Almost 60% children cannot access online learning opportunities.

Teachers in the implementing states reported that out of 30,511 children who attended regular classes, only 11,474 were actually attending online classes. On an average, 42 per cent of children were attending online classes across the schools surveyed. This means that around 60 per cent of children cannot access online learning opportunities.

Reasons for this varied from absence of a smartphone, multiple siblings sharing a smartphone, difficulty in using apps for online learning. The issue of access is further exacerbated for children with disabilities. Among teachers of children with disabilities in their regular classes, more than 90% found them unable to participate in online classes.

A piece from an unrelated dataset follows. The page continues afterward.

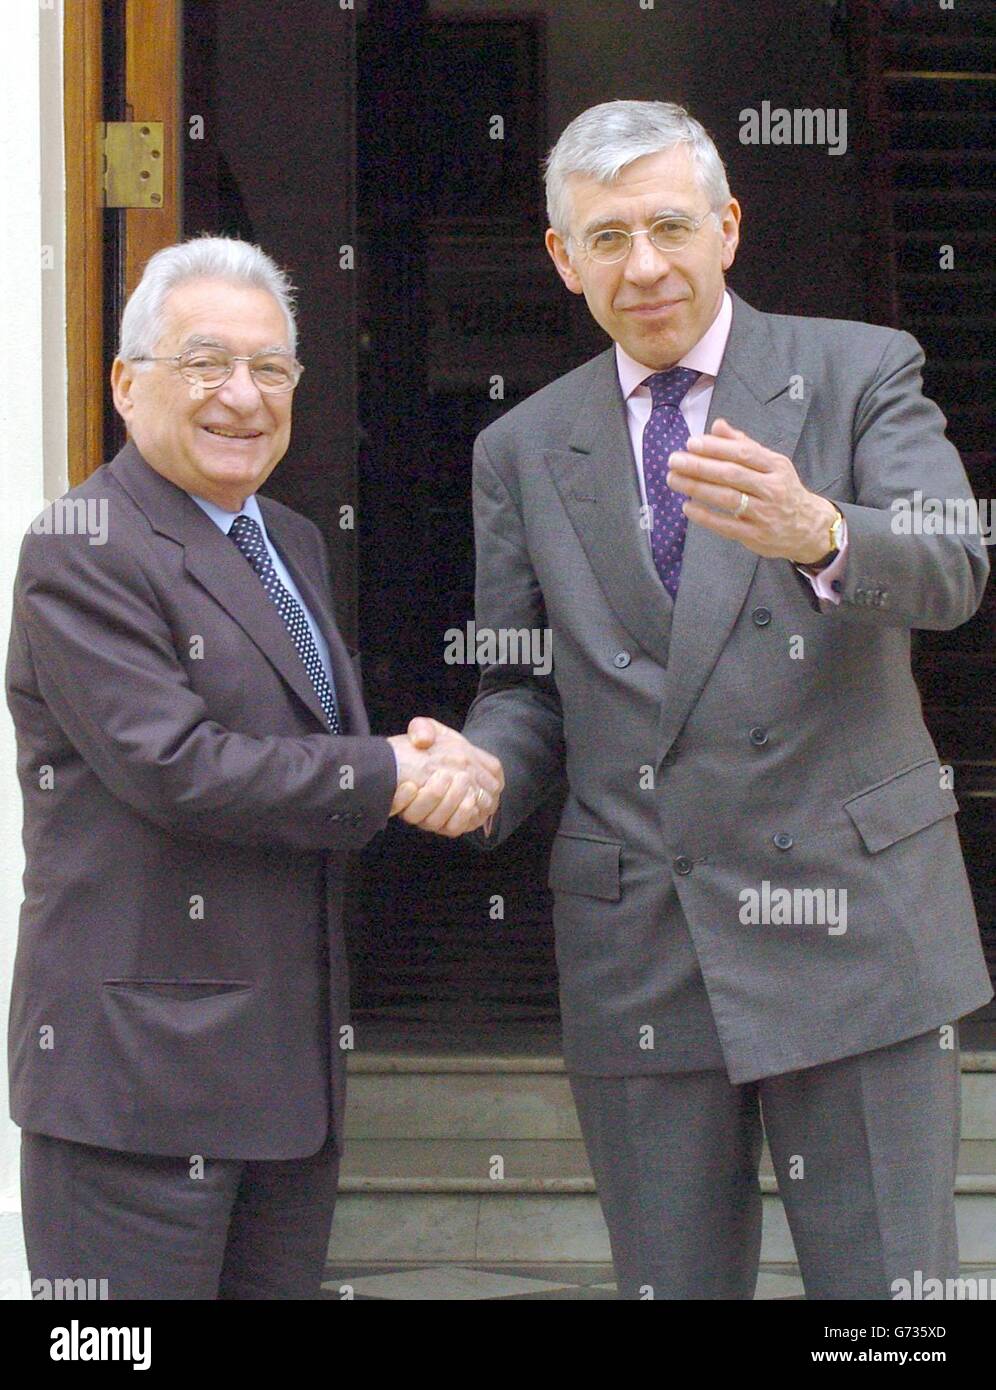 le ministre britannique des Affaires étrangères Jack Straw (à droite) salue son homologue grec, Petros Molyviatis, à sa résidence officielle de Londres, au 1 Carlton Gardens à Londres. Banque D'Images

Parents have overwhelmingly supported reopening of schools with the necessary safety protocols.

Almost 90% of the parents were willing to send their children to school with necessary health safeguards. Close to 65% were of the opinion that schools, when they reopen, would not pose a problem for their children’s health.

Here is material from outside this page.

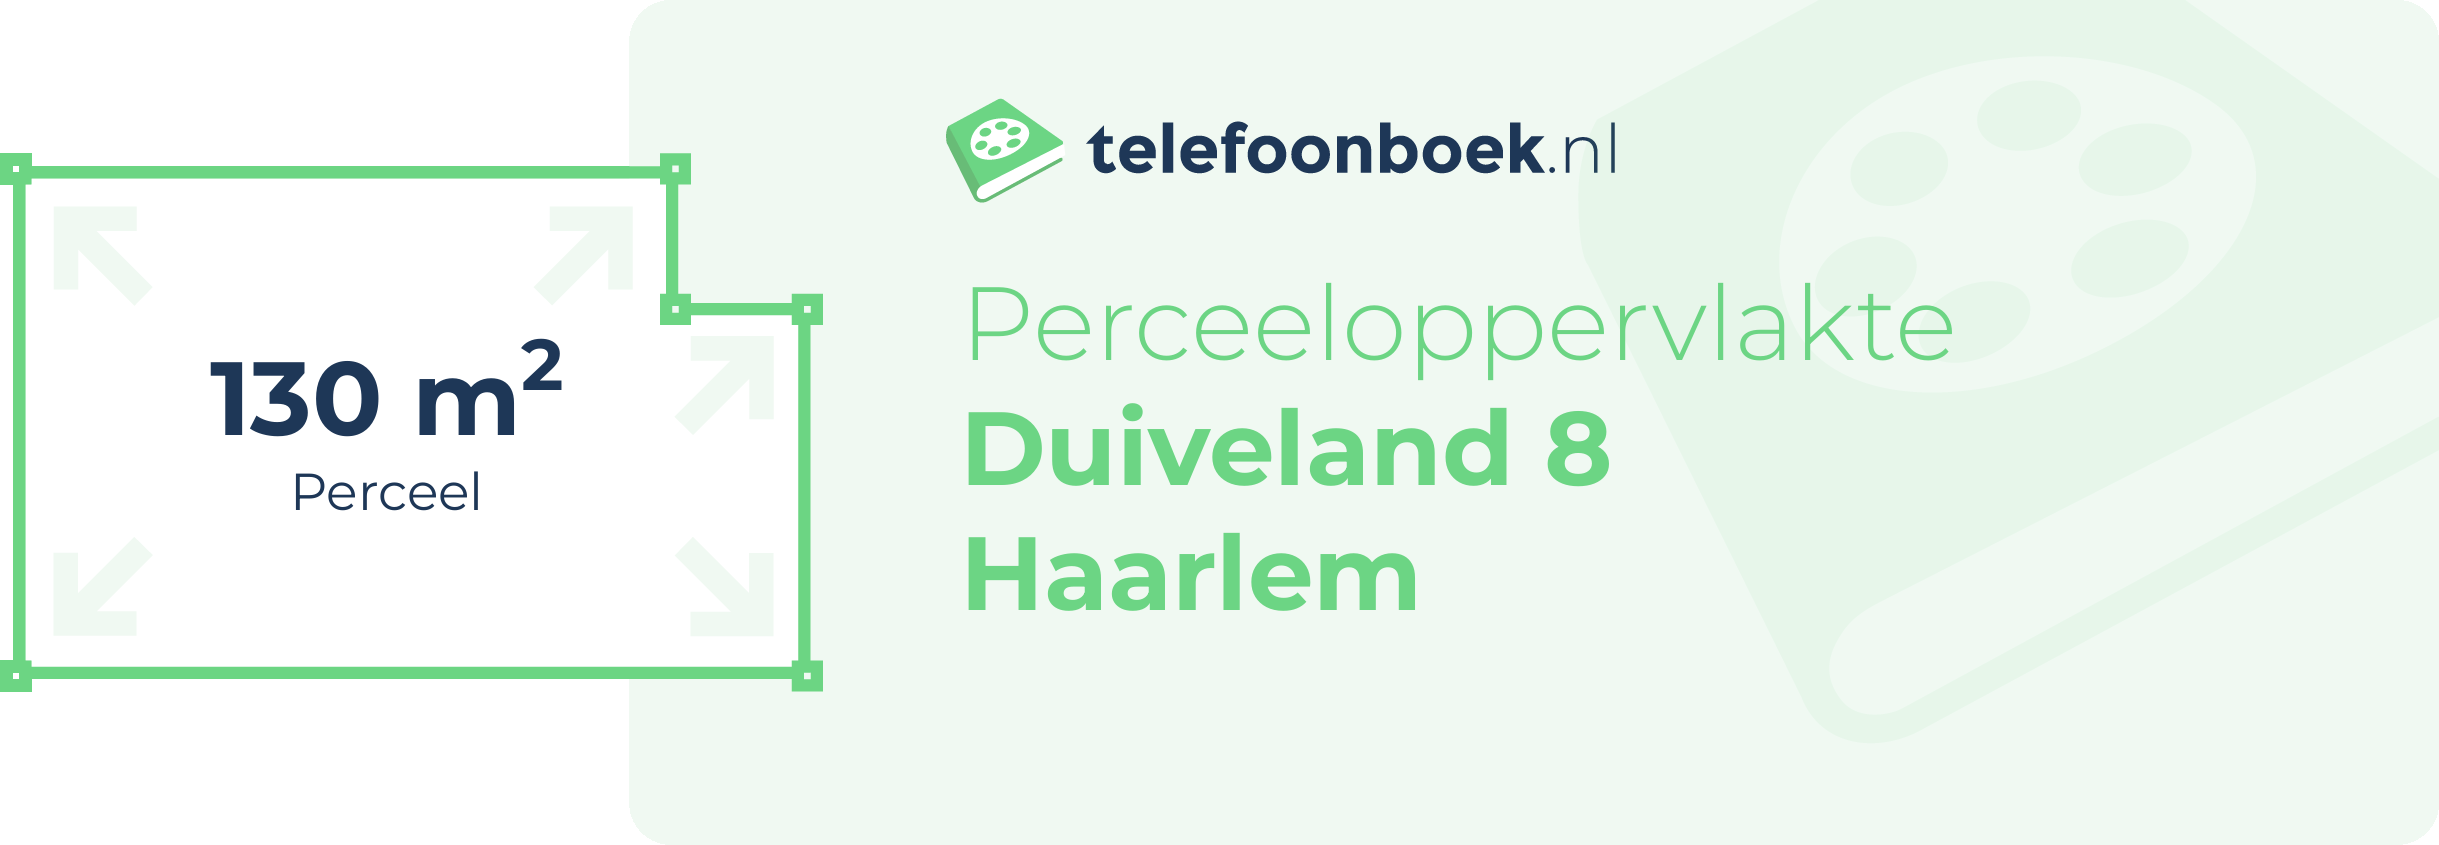 Perceeloppervlakte Duiveland 8 Haarlem

In a 45-minute class, half the time goes in saying hello-hello” as the network is bad and girls cannot hear properly and keep saying, Madam, theek se sunai nahi de raha hai” It is very difficult to teach even with these four girls; I do not know how it would be if all the students connected to the class.’

Teacher, Raipur, Chattisgarh

Online learning opportunities are ineffective in providing any actual education

Teachers shared their concerns about maintaining the emotional connection with children during the online classes. 

It is mostly one-way communication; we make PPTs and share pictures and videos. But it is difficult to know how much children can follow. It also feels bad that majority of the students are not able to participate in the class. We do not know what will happen to those children.’ 

-Teacher, Raipur, Chhattisgarh

Parents were also asked about the suitability of online classes for their children. In the implementing states, around 70 per cent parents expressed that they did not find online classes suitable for their children and in the non-implementing states, more than 50 percent of parents shared that they felt that online classes would not be suitable for their children.

An urgent need to reopen schools with safety protocols

It is hardly surprising that in a context of existing inequalities of access in terms of provisioning for basic school education, and the socio-economic differences that underlie such inequalities, online teaching-learning solutions would lead to furthering of such inequalities in school education.

This study, overall, is in alignment with other such recent studies and underscores the severe problems that online learning solutions generate for the public school children across states.

These are in terms of abysmal access of poor families and children to online learning options, the ineffectiveness of online teaching-learning to provide substantive learning opportunities, and inadequate preparedness of teachers for online teaching. Fortunately, many of these initiatives have since then been rolled back and state education departments have begun to endorse more context-based, direct teaching learning solutions. This also resonates with the finding of the study that indicates that parents are both dissatisfied with online learning solutions and eager to have their children back in school with necessary safeguards for their health and well-being.

The study, therefore, points to the urgent need to reopen schools in a phased manner with adequate provisions for the health and safety of both children and teachers in the public school system. It also suggests the need to adopt context-based, direct teaching-learning solutions with the physical presence of teachers during the transition period of the reopening of public schools.